The choice of love stories is not too surprising. Drawing from time-honoured works of literature the list include Tolstoy’s Anna Karenina, Wuthering Heights and Pride and prejudice. The top love story was William Shakespeare’s Romoe and Juliet, which might seem rather predictable but nonetheless is a story that has stood the test of time.
What is perhaps surprising is how many of those stories – all of them in some ways – are tragic stories as well as love stories. The tale of Romeo and Juliet is a classic example: star-crossed lovers, doomed from the beginning, yet continuing in their ill-fated romance. Again and again in literature and fiction love and tragedy seem to go hand in hand.
It might seem that way with Easter as well. Christians declare Easter to be a story of God’s love for us. Yet it includes Good Friday which appears to be the ultimate tragedy: Jesus, who lived a life of such love and goodness, nailed to a cross and killed as a common criminal. If there ever was a story of love and tragedy, surely this is it?
Easter is certainly a story of love, but it is not the story of tragedy that it might first appear to be. Jesus himself explained the meaning of Good Friday in this way:
Greater love has no one than this, that he lay down his life for his friends. (John 15:13)
Easter is the story of Jesus laying down his life for his friends – that is, you and me. The idea of self-sacrifice lies at the heart of true love and the best love stories, and it lies at the heart of Easter too. Jesus’ death on the cross is not a tragedy but a sacrifice; not a mistake but the very act of love by a God who calls us his friends.
Easter is a story of love and not tragedy because it does not end at Good Friday. Romeo and Juliet might be a classic story but it is a tragic one because it ends (spoiler alert!) with the demise of our star-crossed lovers. Love is defeated by death in Shakespeare’s story.
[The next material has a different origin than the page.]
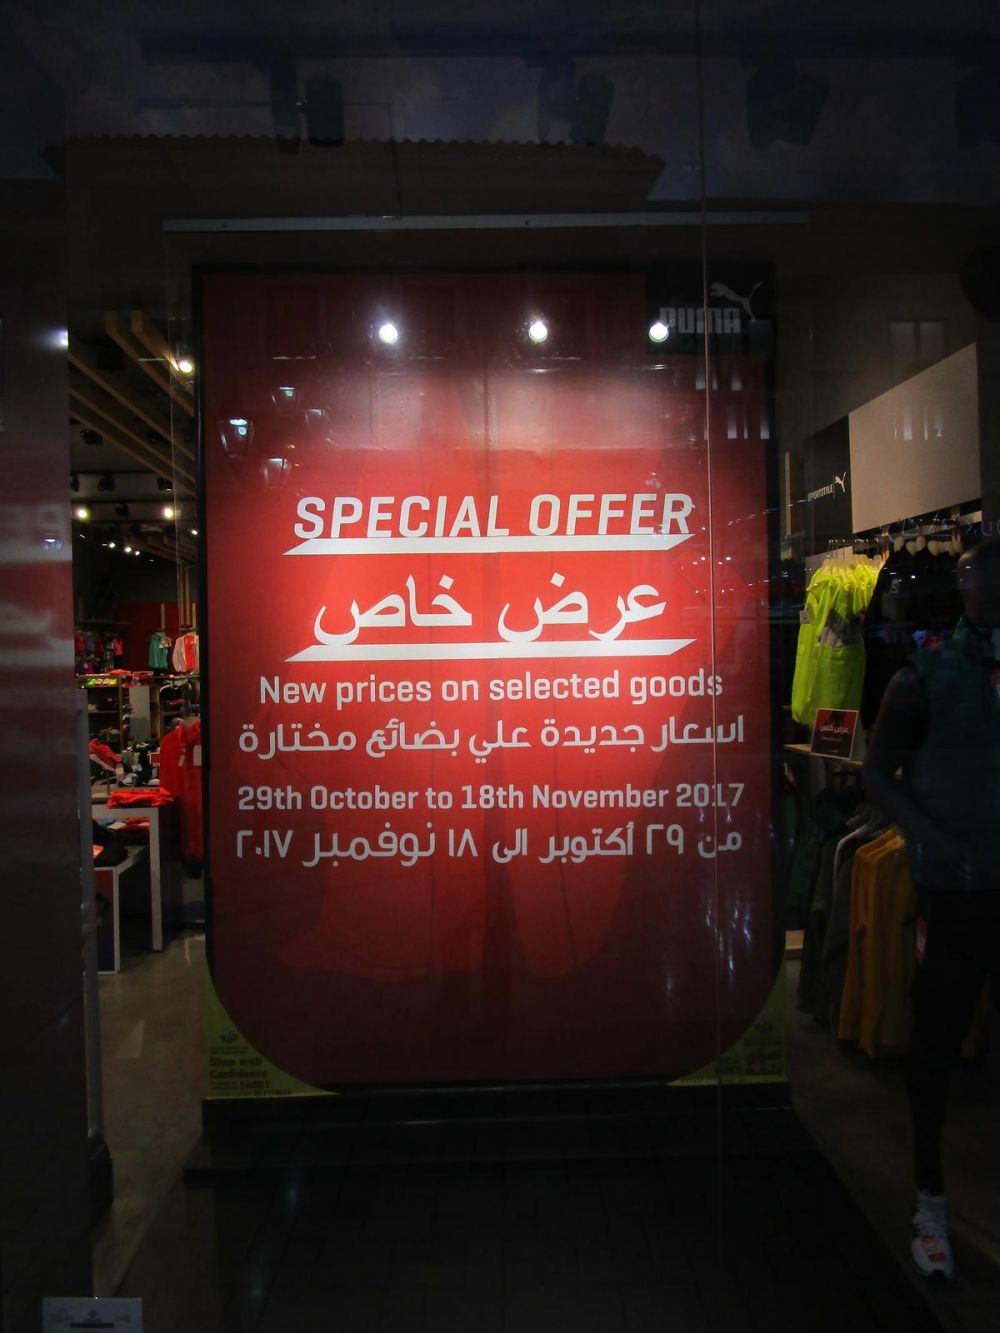 Special Offer - PUMA Qatar
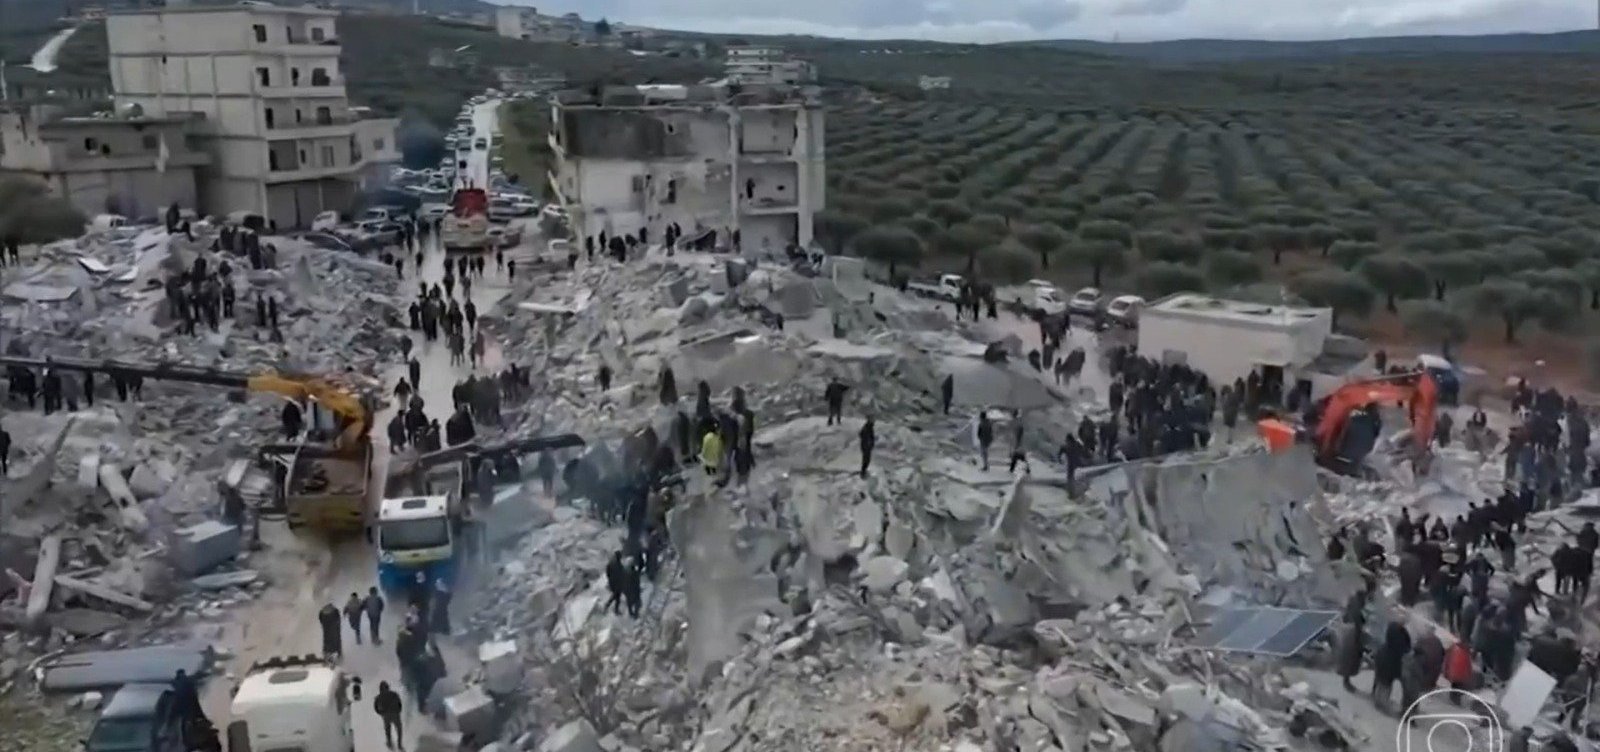 Mortes em terremoto na Turquia e na Síria ultrapassam 7 mil

But the story of Easter tells a powerfully different truth: that death has been defeated by love. Jesus did not stay in the grave but rose to new life on Easter Sunday. The love story does not end in tragedy but continues in resurrection life. Easter is wonderfully good news because it tells of a love story that never ends, a love story that you and I are invited to be part of and participate in. Will you enter into that greatest love story this Easter?